Here’s a tale of two very different sides of the games industry for you.

On the one hand, I was recently given an hour-long look into The Plucky Squire, an upcoming Devolver Digital-published game about a character that can pop into and out of the “real world” from a book, and this is the most delightfully whimsical thing.

Vaguely inspired by a whole bunch of Nintendo games (especially Zelda), the ability to move into and out of dimensions gives The Plucky Squire an identity all of its own. The way it moves between top-down, 2D and 3D spaces is fascinatingly fluid, and the developers have come up with puzzles quite unlike anything I’ve seen before (or, at least, can recall having seen). For example, in one section you need to pop into the book to collect words from one page to then pop out and move them over to another page, changing the meaning of the sentence and clearing a path forward. The Plucky Squire constructs its puzzles out of things using ideas that we’ve seen in some form before, but the overall way that it has pulled it all together is quite unique.

The game also looks gorgeous, has a wonderfully wholesome “all ages” spirit to it, and promises a kind of joyful sense of play that we rarely see outside of Nintendo at its absolute best. But what caught my attention the most was one line that the developer mentioned during the presentation. He said that originally the game had been designed as a much more standard 3D action game, and Devolver wasn’t particularly interested in that. It was only after challenging themselves to come up with something genuinely different, creative and playful that they were able to secure a publisher.

Meanwhile, also this week I started playing Starfield. Now, I write the following with the disclaimer that I’m only a few hours in and yes, I am open to having my first impressions changed. However, I have read plenty of reviews and seen plenty of coverage, and I have been playing this game for far longer than I was able to see The Plucky Squire. So I feel a comparison of the impression that both left on me is fair, and here’s the overwhelming impression that I’ve had of Starfield so far:

The developers copied, in its entirety, the opening hook of Mass Effect. An artifact gives the protagonist a vision that sends them on an intergalactic quest. A literal galaxy to sandbox around in, and Bethesda came up with something less inspired, creative, or interesting than what ChatGPT would have generated. With an opening like that, it was always going to be difficult for this thing to turn me around and convince me that this “art” work had any value whatsoever.

I mean the game doesn’t even have Tali and Garrus, and if you’re going to just wholesale copy something better, you need to make sure you get the good stuff too.

Seriously, though, it actively annoys me that Starfield has been broadly praised. Not for its narrative – something that is ostensibly important to an RPG, but you’d never believe it given how focused on content most of the blockbuster ones have become. No. Starfield has been praised for, as far as I can tell, just having a lot of content and being a blockbuster about it. That’s it. So many of the positive impressions even outright state that the story sucks, that the characterisation is limp, and that Bethesda is somehow regressing even further away from trying to tell a story to instead providing players with a “sandbox” and leaving the responsibility for having a good time entirely on their shoulders. Yet they don’t care because there’s a lot of content and it’s come from a AAA studio, so it must be good.
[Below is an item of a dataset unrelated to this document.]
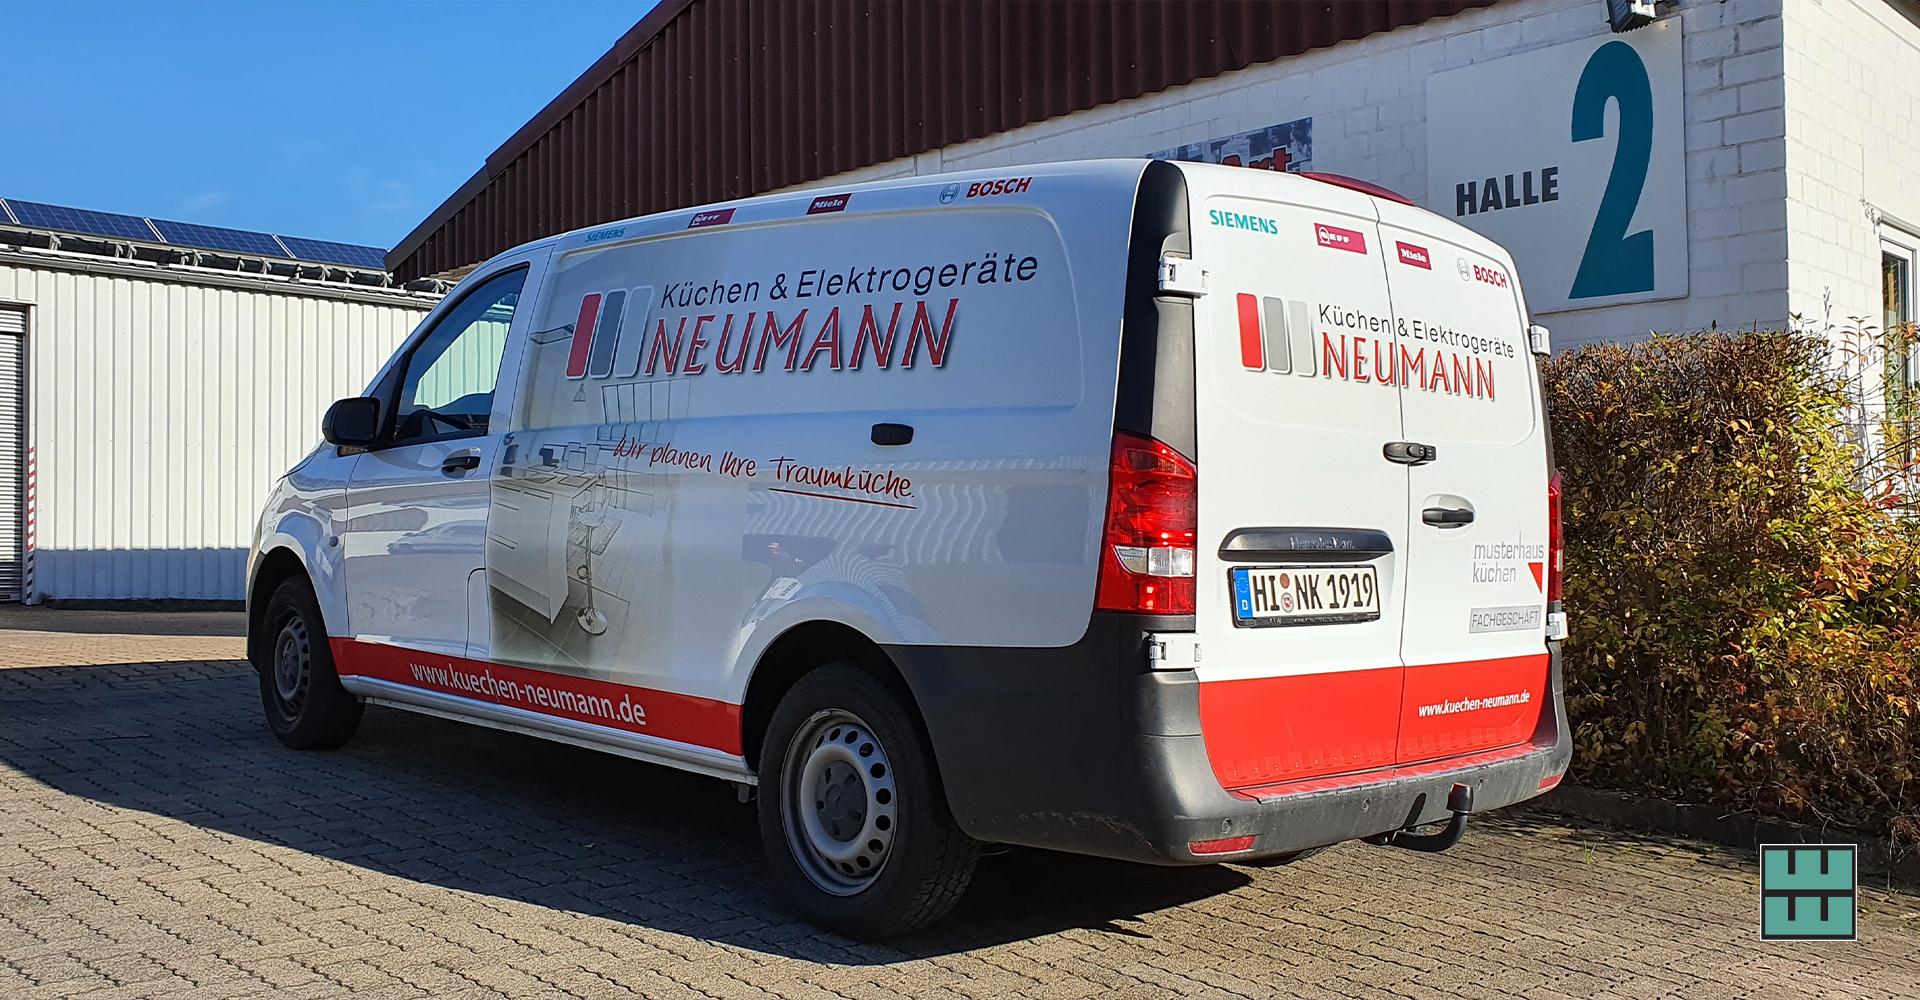 Neue KFZ-Beschriftung für den Küchenexperten Neumann

“Derivative” doesn’t even begin to describe everything that I’ve seen in and about Starfield. If it does have original qualities or the ambition to be anything creative, then no one’s talking about those, nor screenshotting them, nor deeming them important enough to mention in a review.

Perhaps it’s all the more frustrating because Baldur’s Gate 3 managed to be a blockbuster in every sense while still daring to tell a narrative, but it is deeply frustrating to me to see so many people giving Starfield a pass despite a total lack of creativity. It is a bland, homogenised, overly bloated experience that lacks the bravery to say or mean anything, or even give players something different to look at. That doesn’t deserve plaudits. Bethesda, as a company, doesn’t deserve to be celebrated, and hasn’t for quite some time, because almost all of its games come across as a psyop from the AAA industry to settle for nothing content that’s easy for big publishers to brute force into existence.

There’s no reason for it when things like Baldur’s Gate 3 can exist. Nor when there are publishers like Devolver are out there that actively rejecting homogenisation and demanding creativity. It’s possible to have a business that makes money from art rather than content. Video games really, truly can be an art form rather than a content factory.

All we need to do is demand better from companies like Bethesda and stop giving them a pass for pulling stunts like Starfield.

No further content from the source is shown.